# What you need to do
Type out the listing below exactly. Pictures stay out of it.

# The data
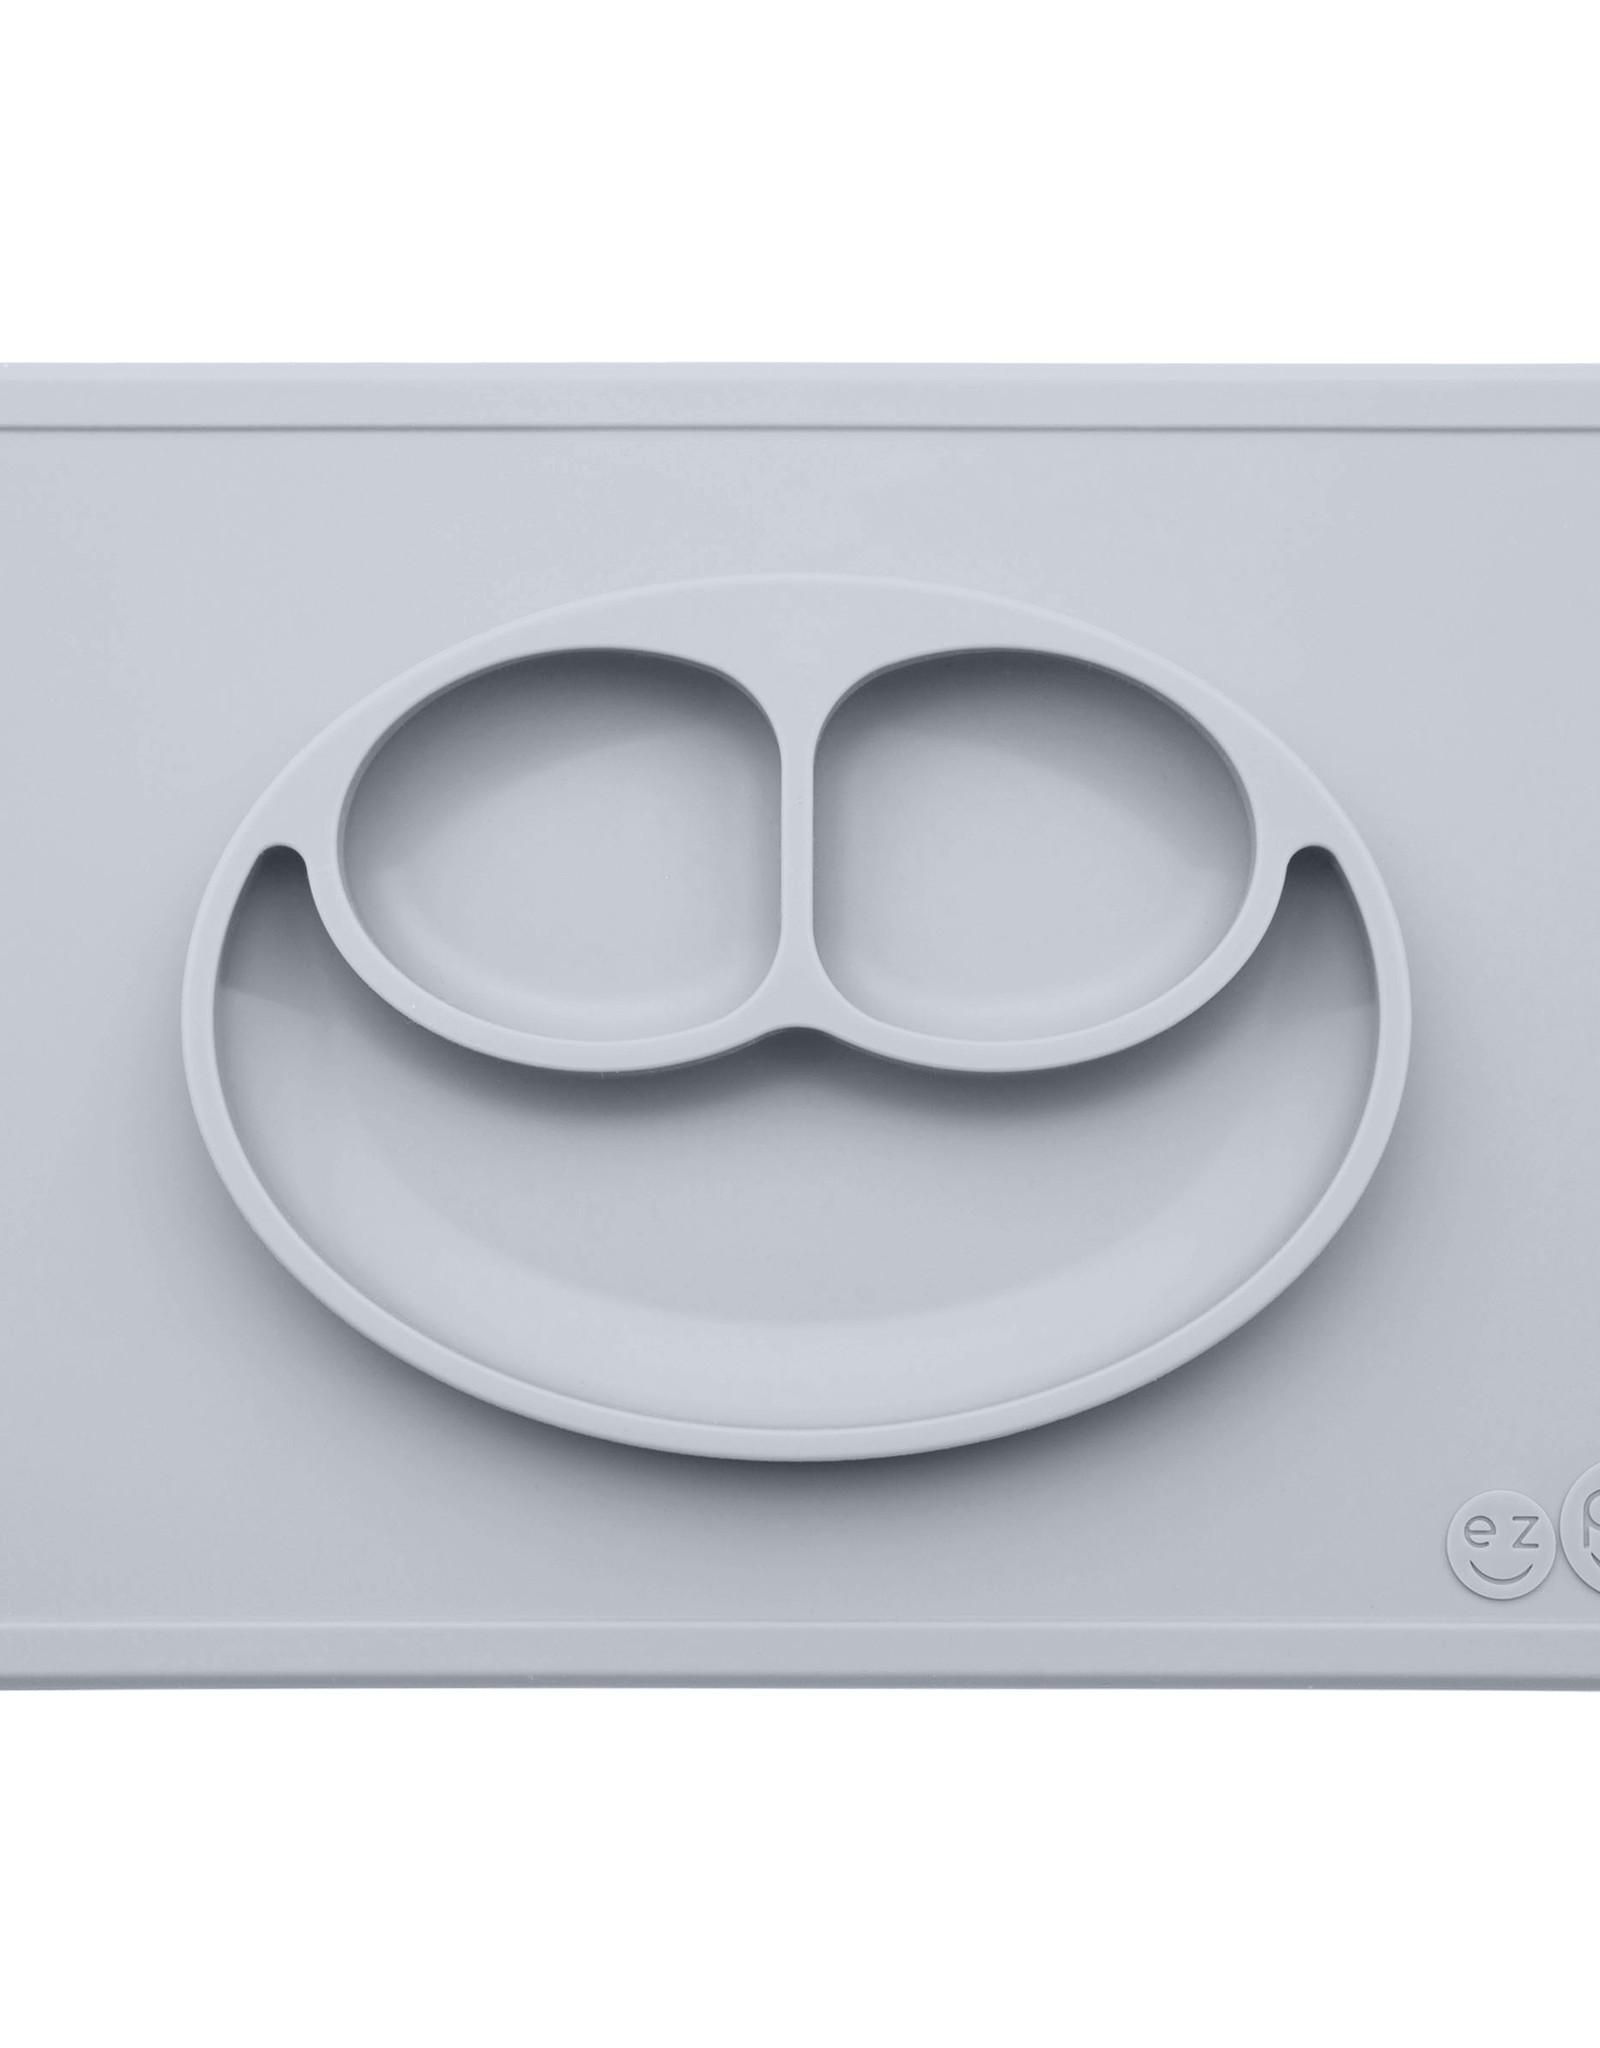 EZPZ Happy mat - Pewter
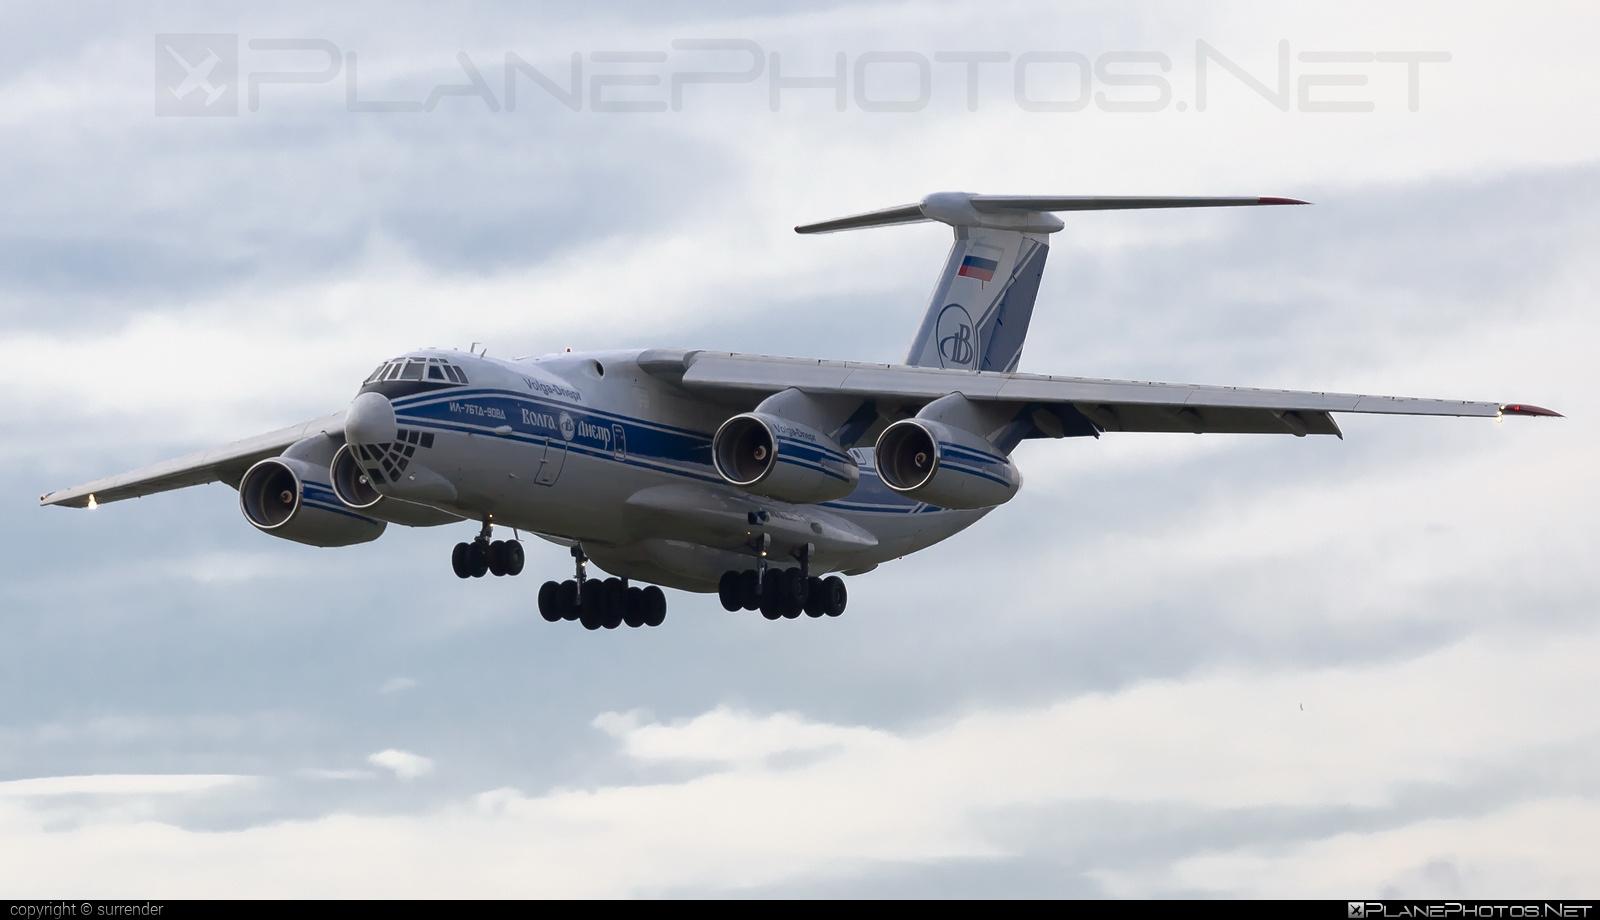 Ilyushin Il-76TD - RA-76511 operated by Volga Dnepr Airlines #il76 #il76td #ilyushin
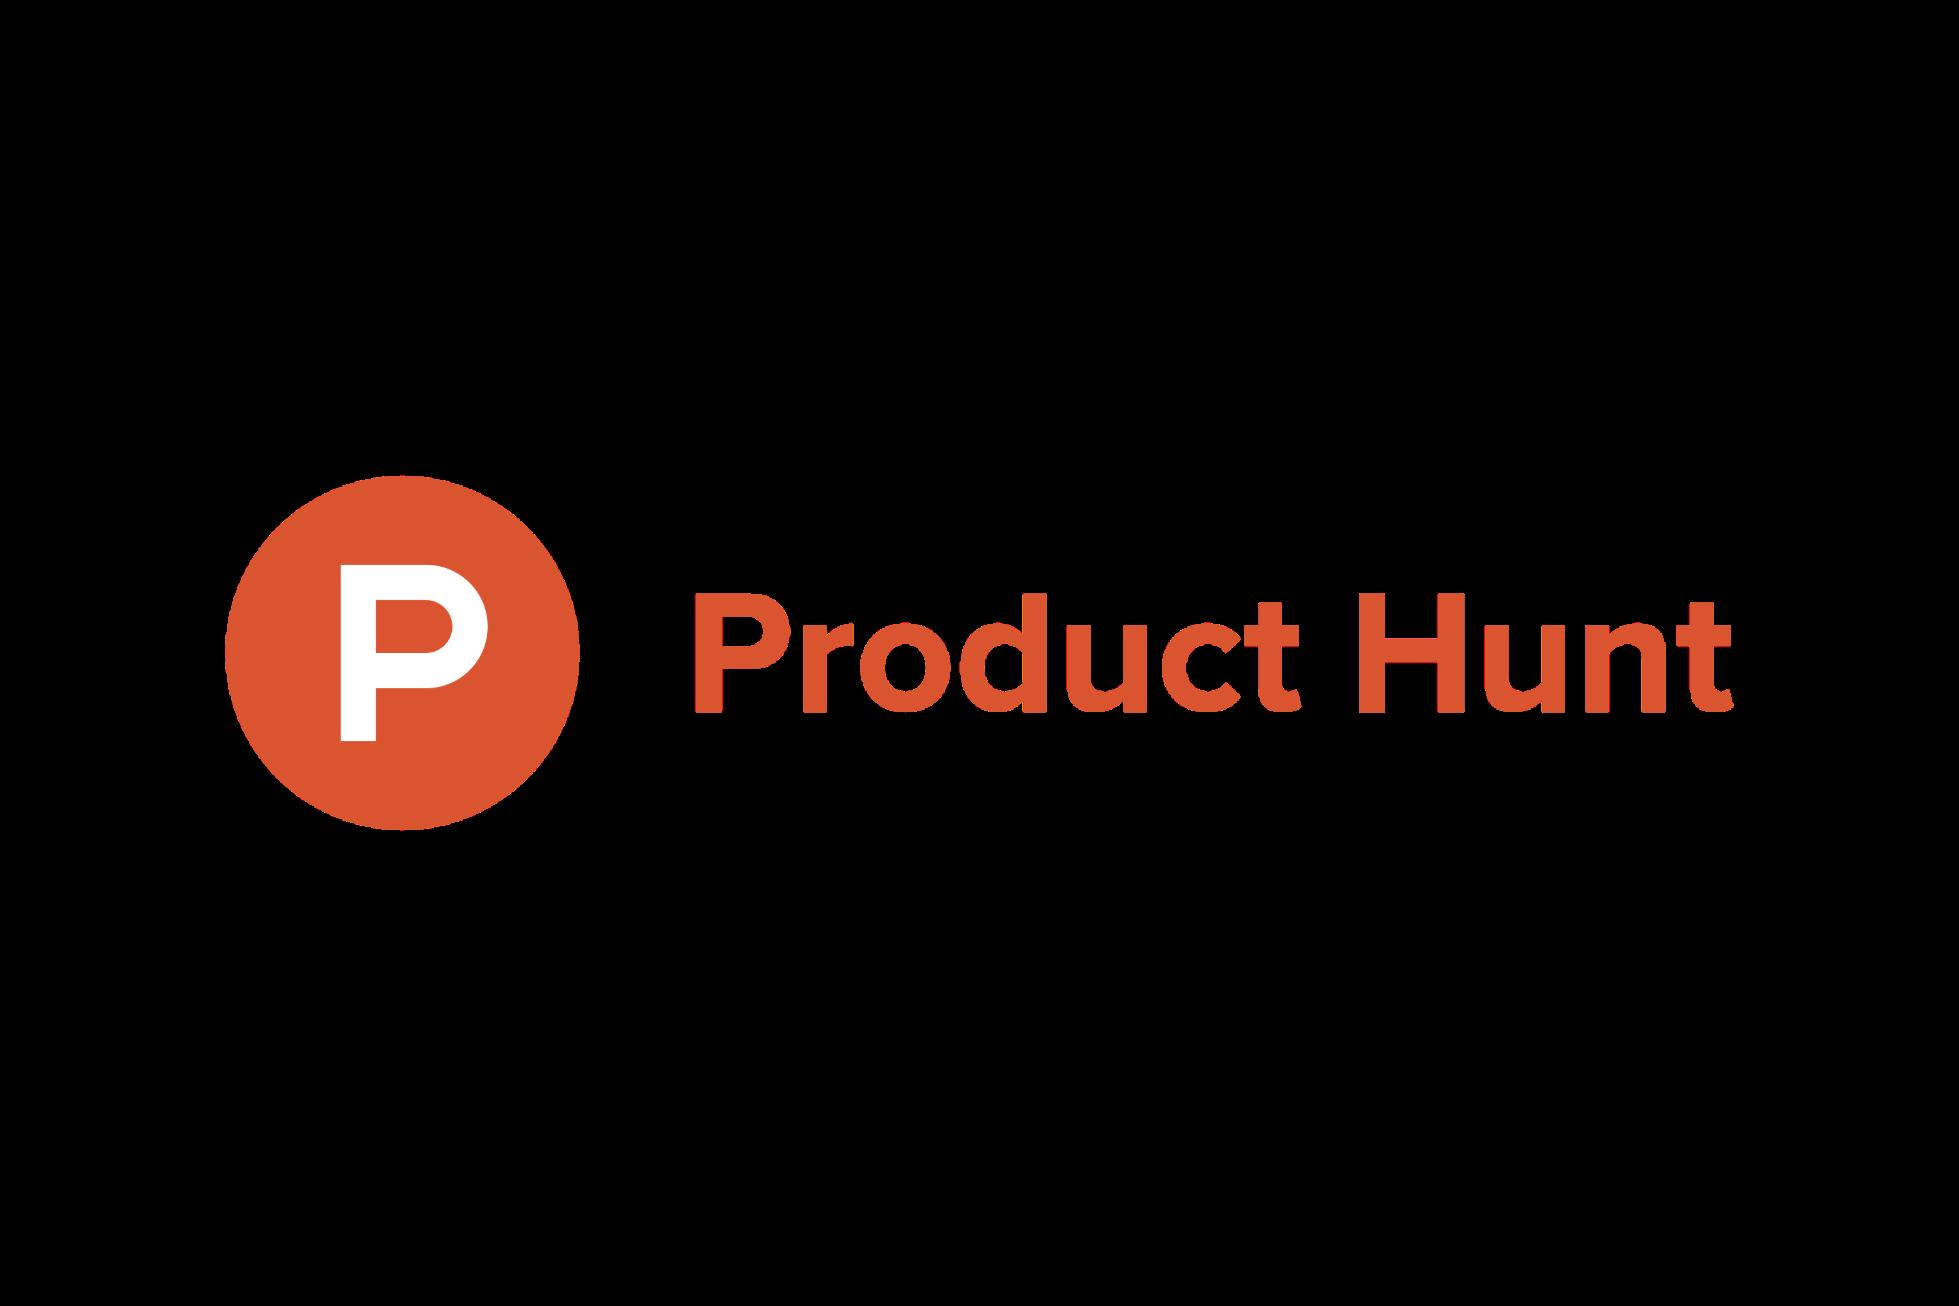 Product hunt logo.wine
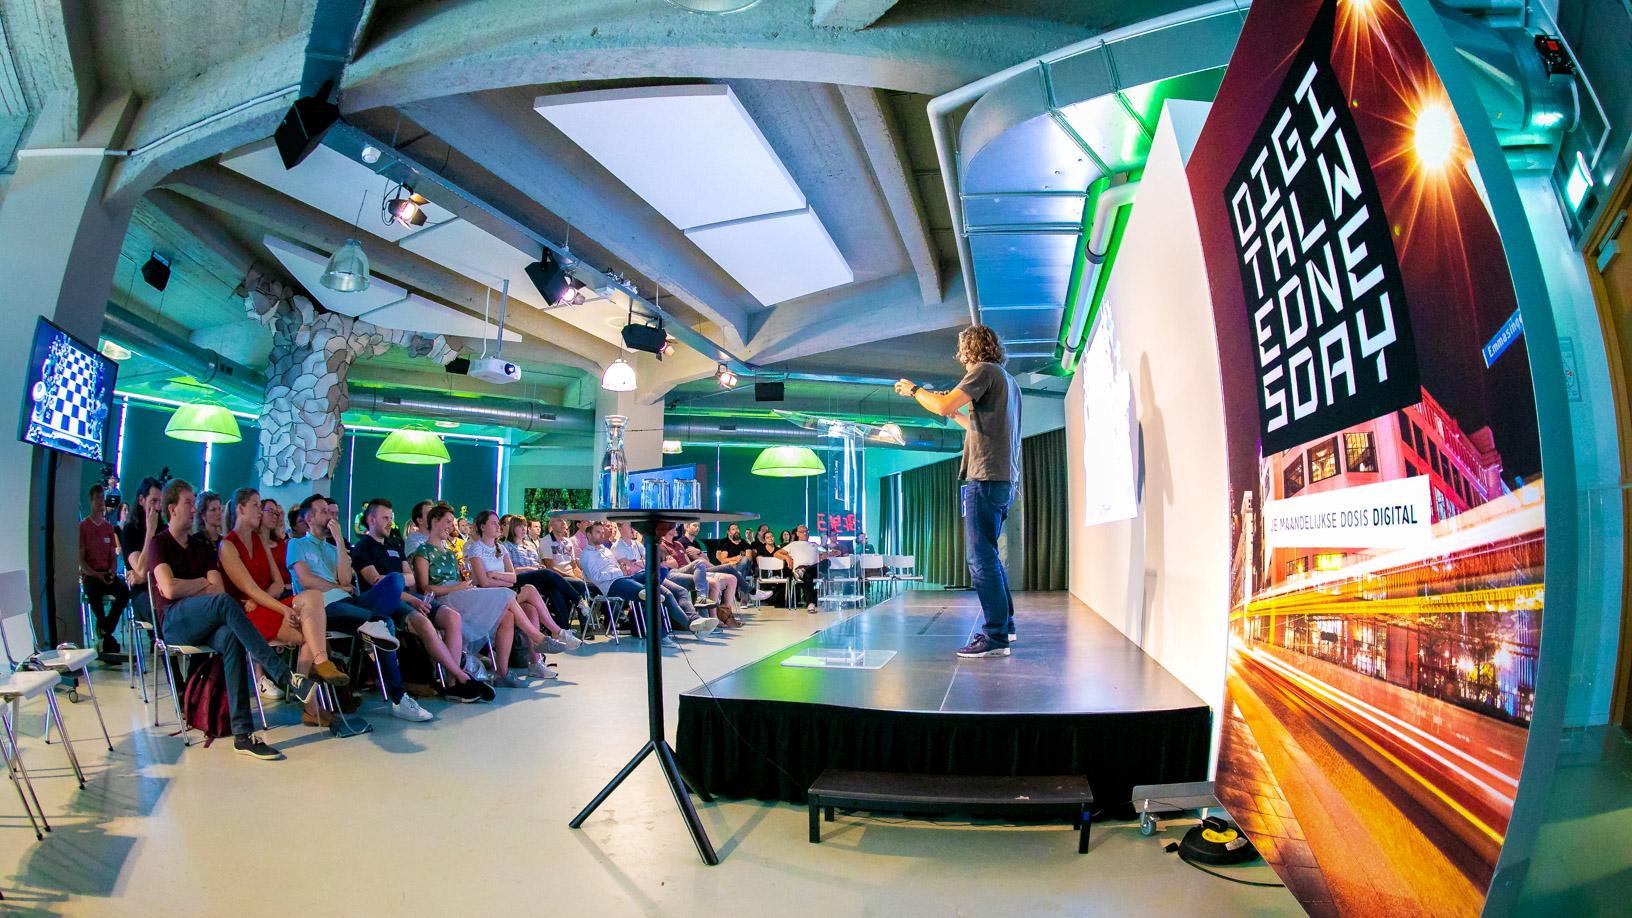 Portfolio-Marketing-Lynx-Ektor-Tsolodimos-Evenementen-fotografie-Eindhoven-27

# Output below
 EZPZ Happy mat - Pewter
 Ilyushin Il-76TD - RA-76511 operated by Volga Dnepr Airlines #il76 #il76td #ilyushin
 Product hunt logo.wine
 Portfolio-Marketing-Lynx-Ektor-Tsolodimos-Evenementen-fotografie-Eindhoven-27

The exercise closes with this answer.